Re: [PATCH 1/2] x86/fpu: Measure the Latency of XSAVE and XRSTOR

From: 'Yi Sun'
Date: Tue Jul 26 2022 - 05:04:20 EST


On 24.07.2022 20:54, David Laight wrote:
From: Yi Sun
Sent: 23 July 2022 09:38

Calculate the latency of instructions xsave and xrstor with new trace
points x86_fpu_latency_xsave and x86_fpu_latency_xrstor.

The delta TSC can be calculated within a single trace event. Another
option considered was to have 2 separated trace events marking the
start and finish of the xsave/xrstor instructions. The delta TSC was
calculated from the 2 trace points in user space, but there was
significant overhead added by the trace function itself.

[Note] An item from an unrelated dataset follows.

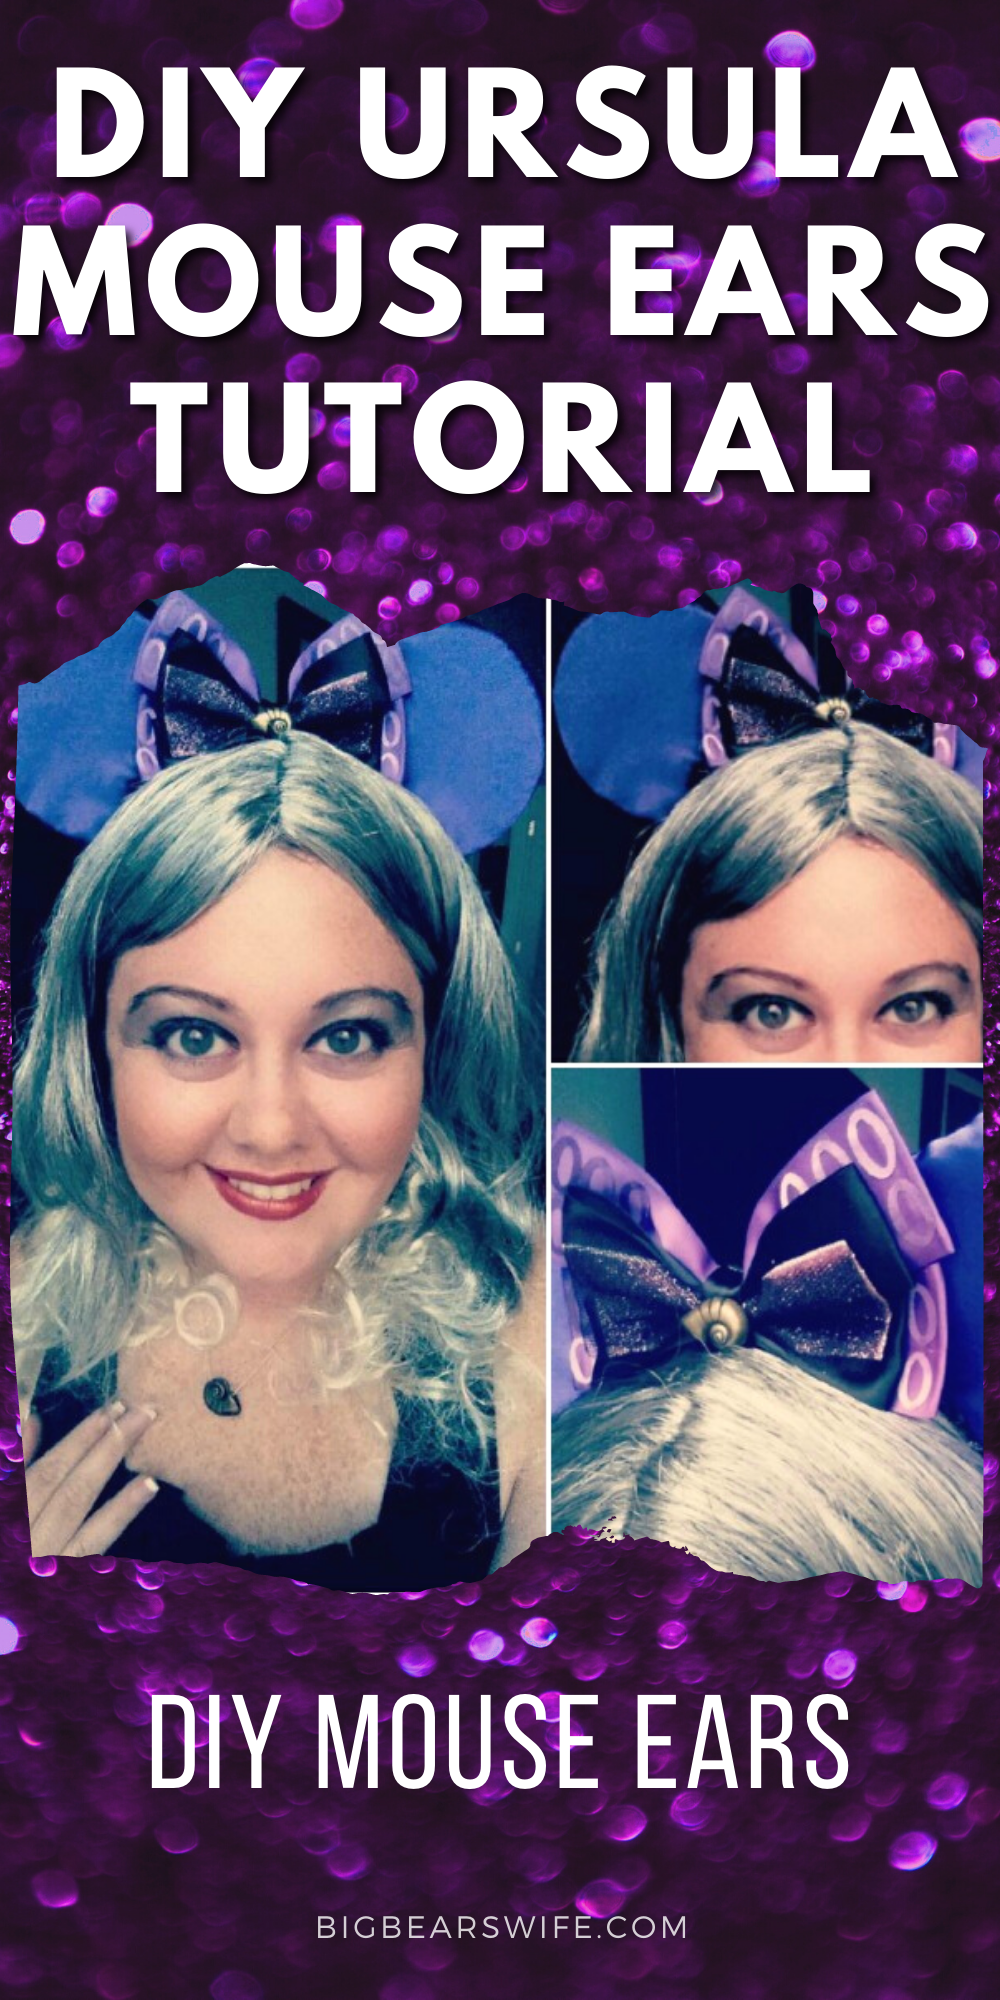  Want to make your very own Ursula Mouse Ears for your trip to Disney? I've got the step by step photo tutorial to show you how it's done! Don't want to make Ursula Mouse Ears? Just follow this tutorial and swap out the fabric and bows for any type of mouse ears! via @bigbearswife

In internal testing, the single trace point option which is
implemented here proved to be more accurate.
...

I've done some experiments that measure short instruction latencies.
Basically I found:
1) You need a suitable serialising instruction before and after
the code being tested - otherwise it can overlap whatever
you are using for timing.

The original comments here are kindly not so exact. The patch actually
makes use of trace_clock to calculate the latency but not TSC directly.
The precision here is "at most ~1 jiffy between CPUs" which is probably
acceptable to this usage.
I would like refine the comments if it made confusing.

Thanks
--Sun, Yi